Банкир обжёг его гневным взглядом.

— Я не утрирую, говоря о «просвещённом патриции», как о подлинном ценителе прекрасного. Задача аристократии не писать комментарии о том или ином забытом и вновь открытом трубадуре… Её верховенство — в руководстве энтузиазмом своей эпохи, стремлениями своего поколения, выраженными в музыке и поэзии, в видениях художника и скульптора! Аристократия главенствует, только творя искусство и покровительствуя ему, но она должна иметь в самой себе людей, знающих историю искусства, не высказывающих невежественных суждений, но руководимых собственным безупречным вкусом…

Аббат, снисходя к герцогу, заговорил по-французски.

— А зачем, по вашему мнению, ваша светлость, нужно сопоставлять Донателло с ночным горшком? Только откровенно, — отец Жоэль лучезарно улыбнулся герцогу.

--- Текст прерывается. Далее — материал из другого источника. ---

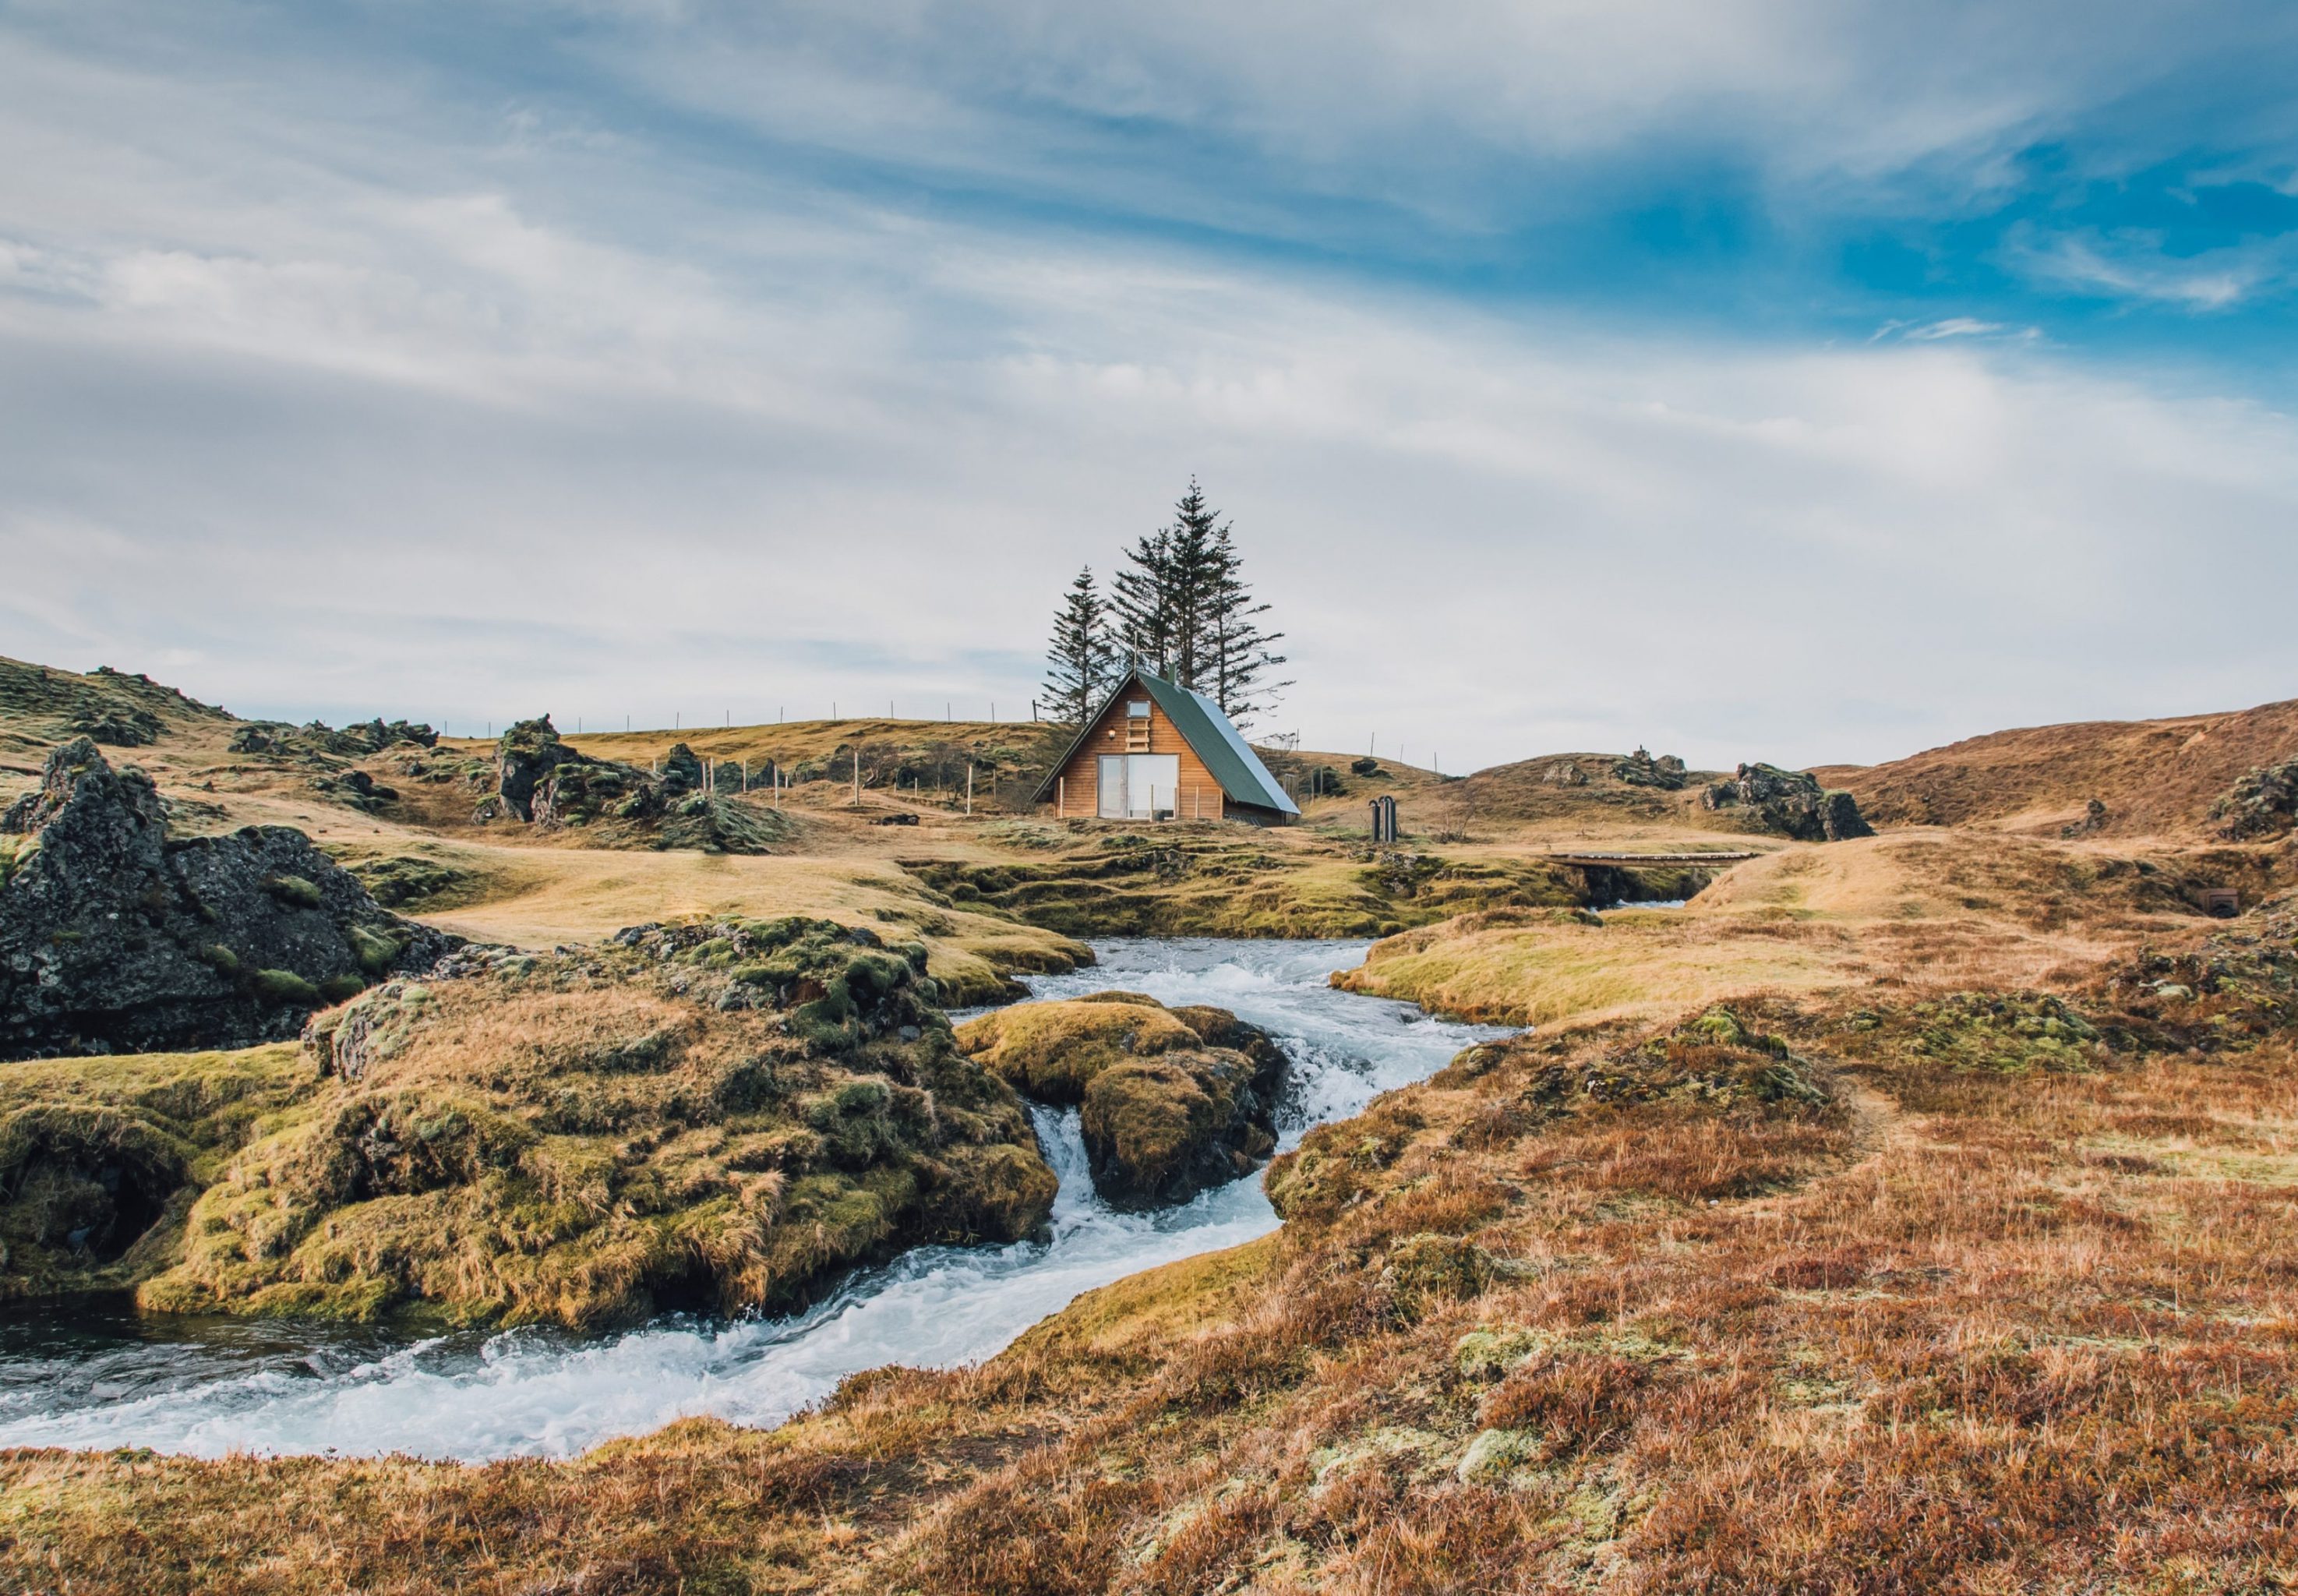 10 unikke hytter i Island med afstandsgaranti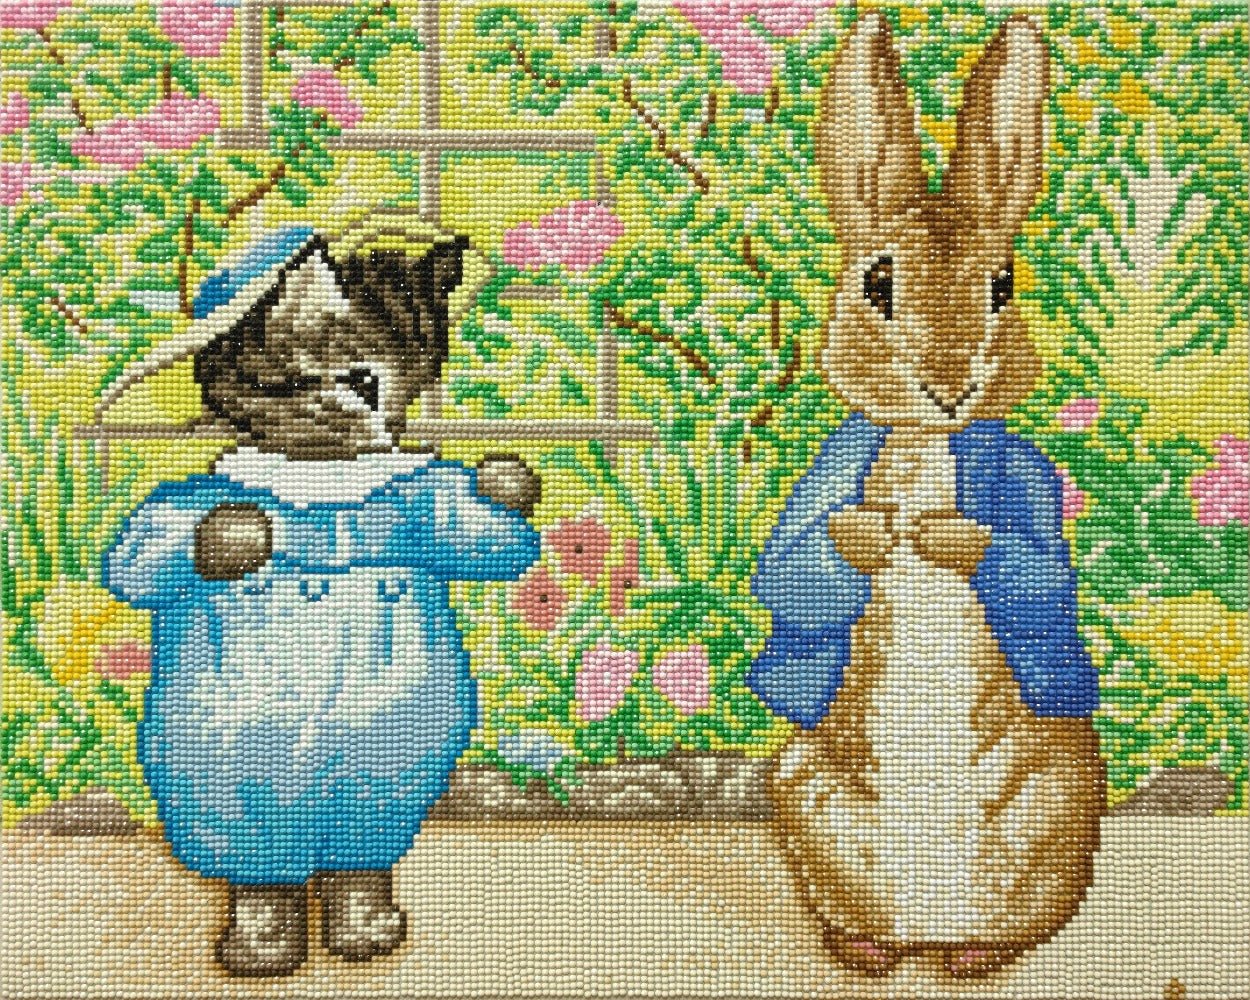 "Peter Rabbit and Tom Kitten" Crystal Art Canvas 40x50cm

Тот весело ухмыльнулся в ответ.

— А чтобы не было вот таких высокомерных и горделивых «патрициев», кичащихся своим умом и дарованием. Скажите на милость! Все, кроме него, полные профаны! Только он один и понимает в искусстве! Я, может, тоже, кое в чём смыслю, так ведь этот нахал никому слова вставить не даёт! Эксперт! Знаток! Тонкий ценитель… — герцог даже возмущенно прихрюкнул, — а всё почему? Напридумывали сами себе заумных сложностей и мнят, что никто не в состоянии их превзойти. А ведь все дело в оценке. Если ночной горшок также прекрасен, как Донателло, то высказаться сможет каждый! Вот чего они боятся!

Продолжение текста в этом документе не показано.